CHRISTINE: Did you think you could make me weak--make me forget all the years? Oh no, Ezra! It's too late! You want the truth? You've guessed it! You've used me, you've given me children, but I've never once been yours! I never could be! And whose fault is it? I loved you when I married you! I wanted to give myself! But you made me so I couldn't give! You filled me with disgust! (Homecoming, Act 4)
What's going on? A lot. Seems like Christine enjoyed Ezra until they got married, then was turned off by their sexual relationship. In turn, her coldness always made Ezra feel like he was forcing himself on her, like she was a slave. He felt like an animal lusting after her since she couldn't want sex in the same way. Christine hints that it was Ezra's coldness that turned her off. Unlike some other lover she is about to mention who can be tender and loving. Ezra's strict moral code makes her confession enrage him; he calls her a "whore", and has an attack of heart pain. Five minutes later, he's dead from the poison she substitutes for his heart medicine.

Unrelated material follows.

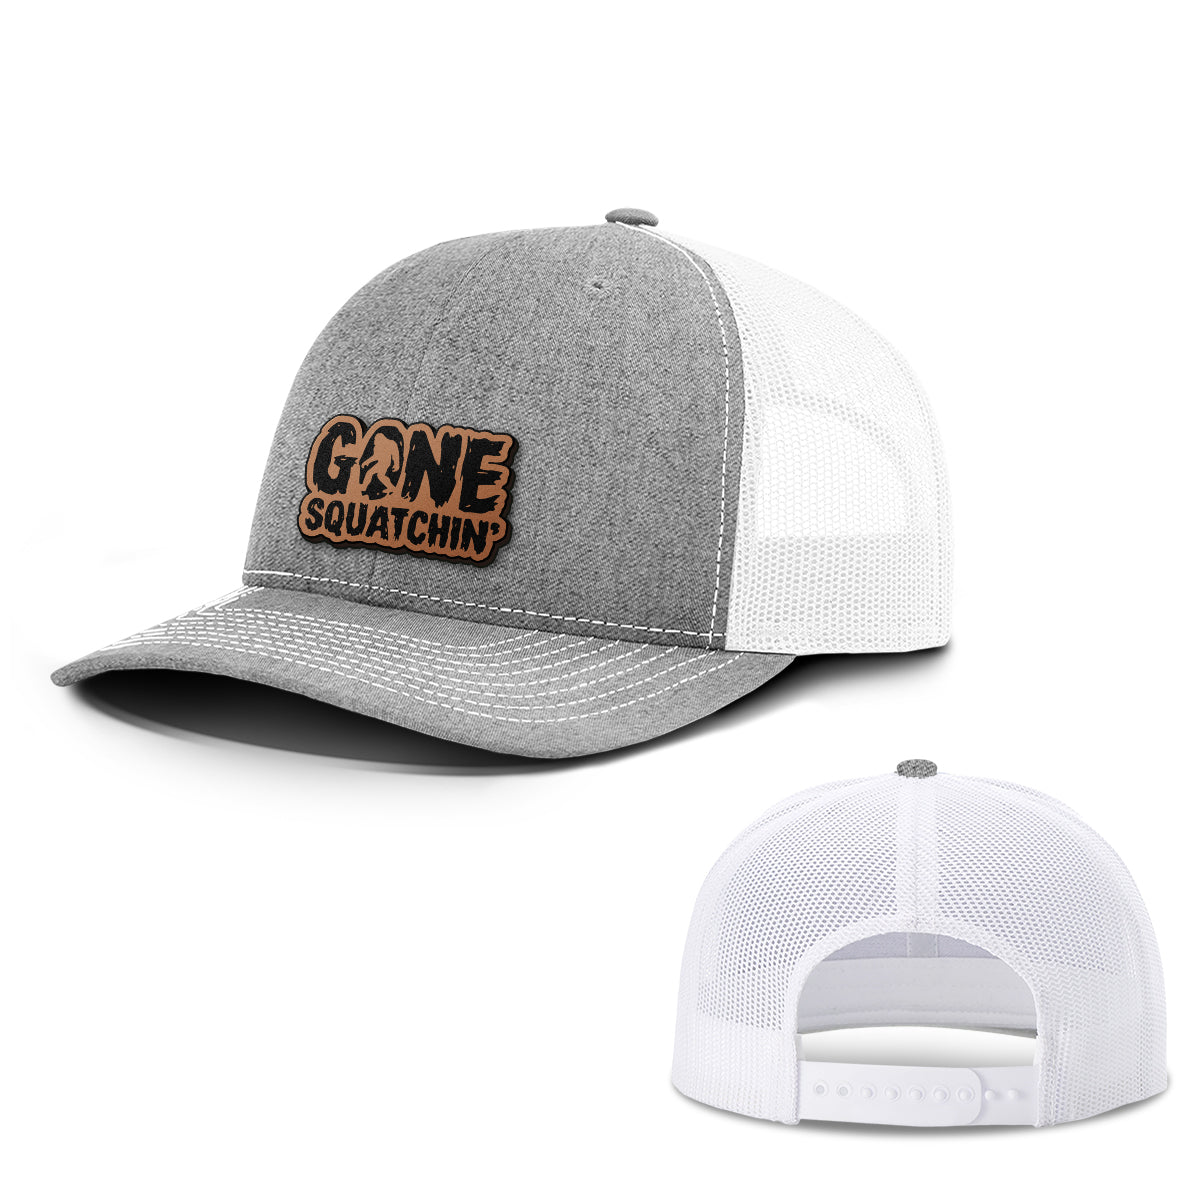 Gone Squatchin Leather Patch Hats - BustedTees.com

Shmoop finds it unbearably sad—give us a minute—that Ezra dies just after he decides to rededicate himself to a new way of living his emotional life. He had so much hope. That's why this play is a tragedy. He's Christine's murder victim, but ultimately he's a victim of his own personal flaw. A fatal flaw, to be sure.
My Girl
We've seen in Lavinia's character analysis how much she wanted Daddy to herself. We learn in Act 3 that Ezra was totally in on it, and we learn why.
MANNON: When I came back you had turned to your new baby, Orin. I was hardly alive for you anymore. I saw that. I tried not to hate Orin. I turned to Vinnie, but a daughter's not a wife. That's […] why I became a judge and a mayor and such vain truck, and why folks in town look on me as so able! Ha! Able for what? Not for what I wanted most in life! Not for your love!
Ezra looked for love and admiration from Lavinia and got it, but it wasn't enough to fill the empty space left by his wife's indifference to him. When Ezra gets home from the war, Lavinia's all over him with hugs and kisses, but he's looking a little embarrassed and uneasy about it in front of Christine. We know now that it's because he wants to put that love back where it belongs, with his wife, so all that affection from Lavinia starts seeming a little uncomfortable.
Ezra's gone before any other major character in the play, and yet he still manages to have huge power over others. His memory literally haunts everybody, whether he's actually there or not. In fact, he seems to affect people more strongly after he's dead. He looks down from his portrait in the library and knows all. And the family dynamics he created keep rolling right along.